The Perfect
Page 9
“What are you doing?” I asked lamely, but one grabbed me by the arm and pushed me toward the back of the bathroom.
“Sorry to interrupt,” one of them said, “But you have to come with us.” He flashed a Whammy Stick. I didn’t want that shoved up my ass. 40,000 volts of paralyzing synaptic death.
The other waved his hand and a door popped open. We stepped through and it shut behind us. I decided not to protest. I had no option but to go along with this, and see where it led.
A long corridor stretched to my left and right, dimly lit and empty in both directions. Another corridor headed straight off in front of us, also dimly lit. They shoved me in that direction, and we continued our walk. At the end, we turned left and I heard the hum of loud machinery. I hoped it was the building’s massive HVAC system and not some mechanical method of snuffing the life out of cheaters.
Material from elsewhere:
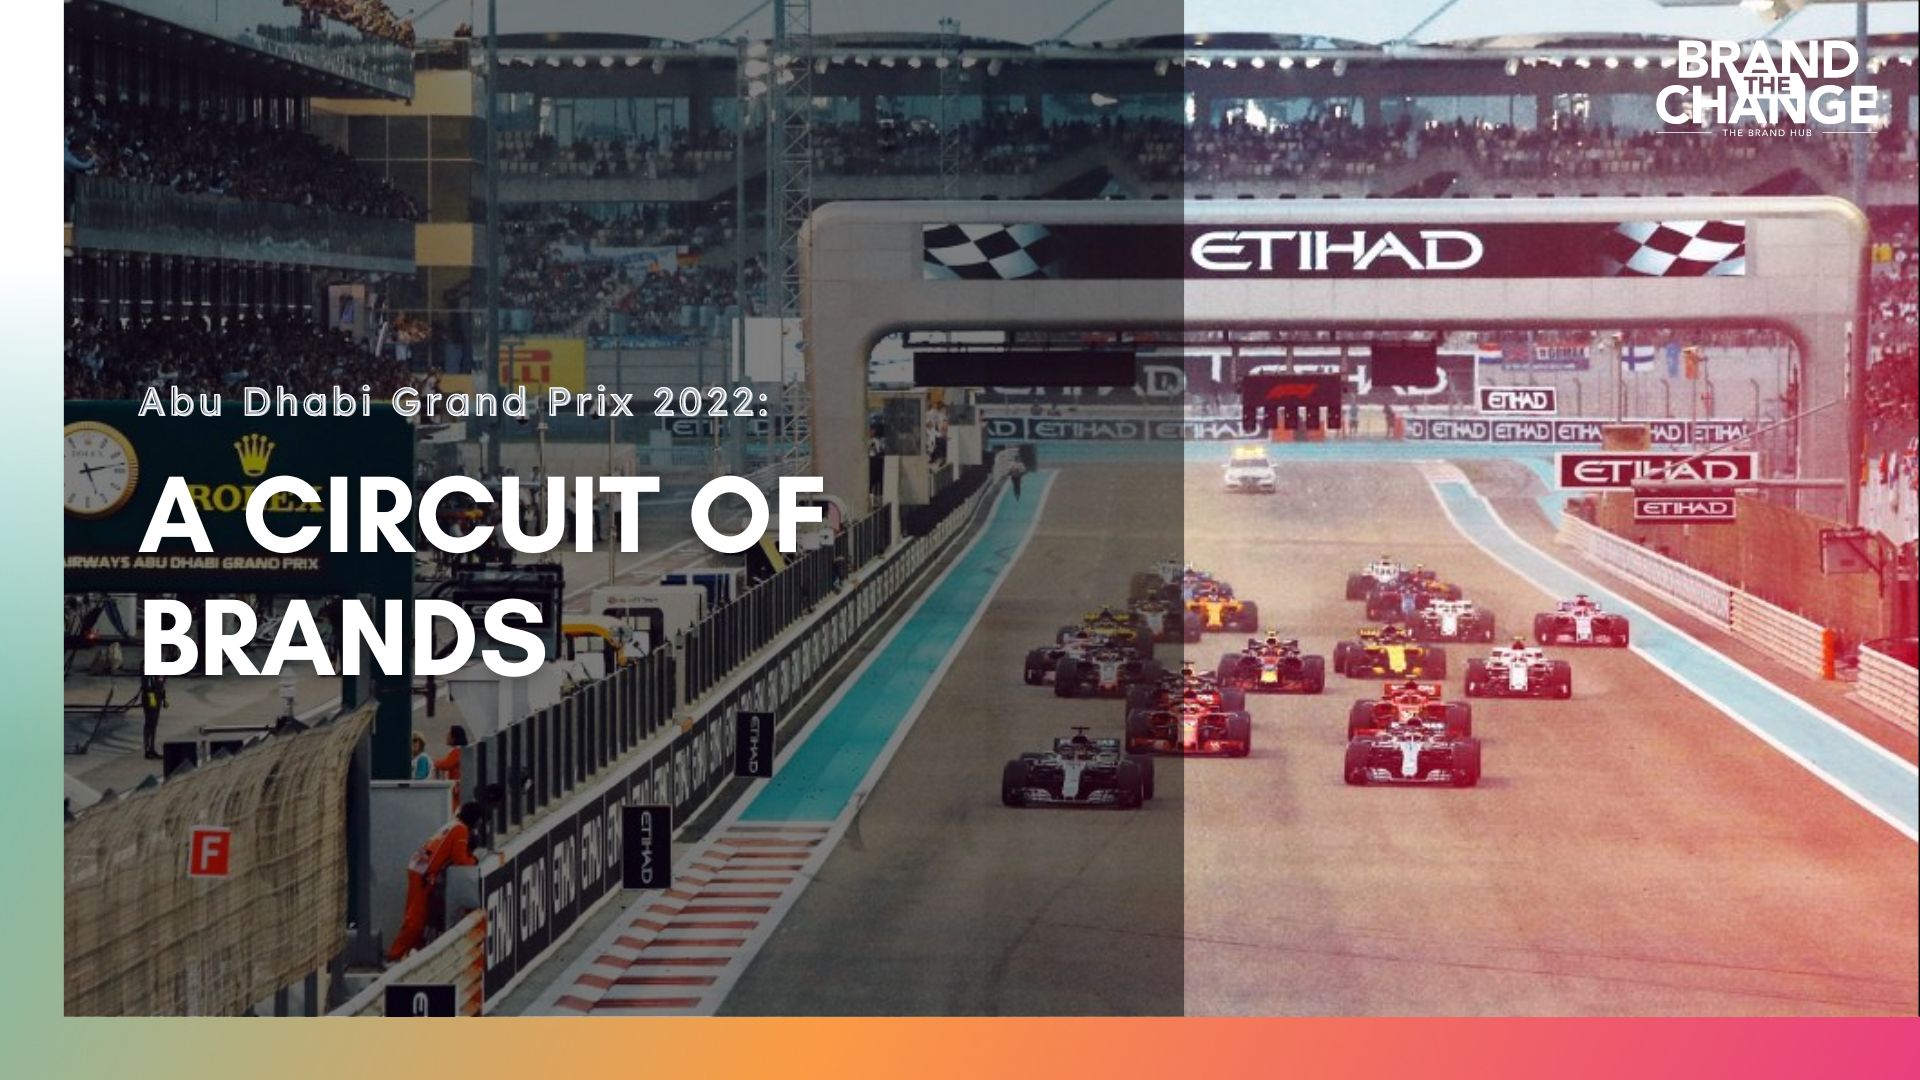 Abu Dhabi Grand Prix 2022 A Circuit of Brands Brand the Change

The three of us entered an unmarked room. One guard brought up the rear, blocking my escape should I make a desperate bid for freedom.
A Hispanic man in his forties, with dark rawhide skin and blazing fake blue eyes, stood in the room, surrounded by four others.
A single table stood in the middle of the room. Several comfortable chairs were positioned around it. An ancient tune played quietly, a moody electronic tango, Gotan maybe. Other than a security monitor attached to the table and the small group of scowling men, the room was empty.
“Have a seat,” the leathery man said as they pushed me down into one of the chairs. I noticed Josh on the screen, finishing a hand.
He introduced himself as Fetus. At least that’s what I heard him say. I wasn’t going to ask him to repeat it.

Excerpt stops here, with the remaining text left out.